Most of those who hate OOP hold up Imperative Programming (IP) as the One True Way to write code. The key difference is the IP is function (or verb) oriented whereas OOP is object (or noun) oriented.
I’ve never really understood that active dislike. It’s just another way to organize the same code you’d write anyway.
I suspect some of that opprobrium is a reaction to those who touted OOP as the New Thing that would save computer programming (as if such a thing could actually exist). That crowd also needed to understand: It’s just another way to organize the same code you’d write anyway.
For instance, suppose you wanted to implement a simple 2D point for a graphics application. In an imperative programming language (IPL), you define a data type and some functions that manipulate it:
public record Point: int x, int y. public function Point Point_Move (Point p, int x, int y): // function definition public function int Point_Distance (Point p1, Point p2) // function definition
In an object-oriented programming language (OOPL), you define a class and some methods that manipulate the instance data:
public class Point: int x, int y, method Point move (int x, int y): // method definition, method int distance (Point p): // method definition.
One striking difference involves namespace.
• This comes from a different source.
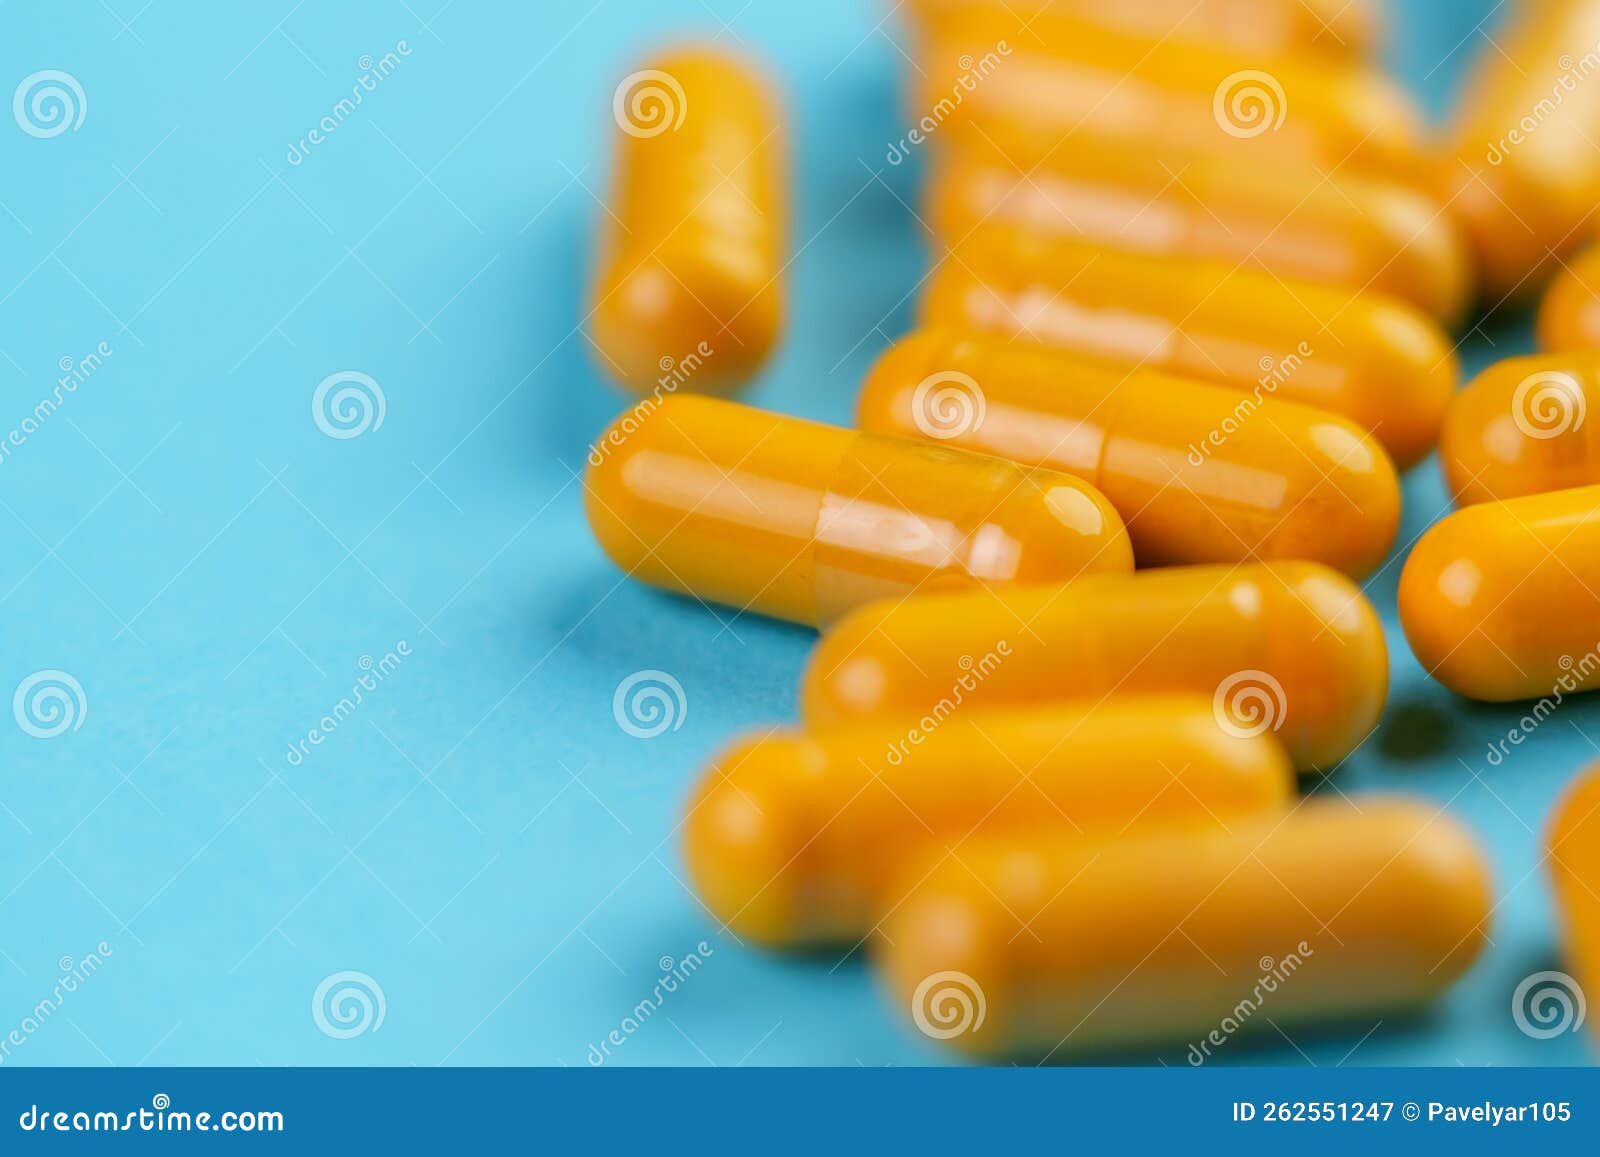 turmeric herb yellow medicative capsules

In the example, the IPL adds several entries to the namespace — the record and the functions that manipulate it. And because the functions are in the public global namespace, they need longer names to differentiate them from other similar functions.
The OOPL example just adds one name — the class. The method names are part of the class namespace. I’ve always felt that made things a bit simpler and more elegant. It’s one of several things that, at least for me, commends OOP.
On the other hand, for the IPL example, you can do something like this:
public record Point: int x, int y. public record Point_Methods: function Point move (Point, int, int), function int distance (Point, Point). private function Point Point_Move (Point p, int x, int y): // function definition private function int Point_Distance (Point p1, Point p2): // function definition Point_Methods Points = {Point_Move, Point_Distance}
Now the two examples are effectively the same. Notice how similar their usage examples are. First the IPL example:
Point p1, p2. Points.move(p1, 0,0). Points.move(p2, 10,10). print Points.distance(p1,p2).
And then the OOPL example:
Point p1, p2. p1.move(0,0). p2.move(10,10). print p2.distance(p1).
Very similar!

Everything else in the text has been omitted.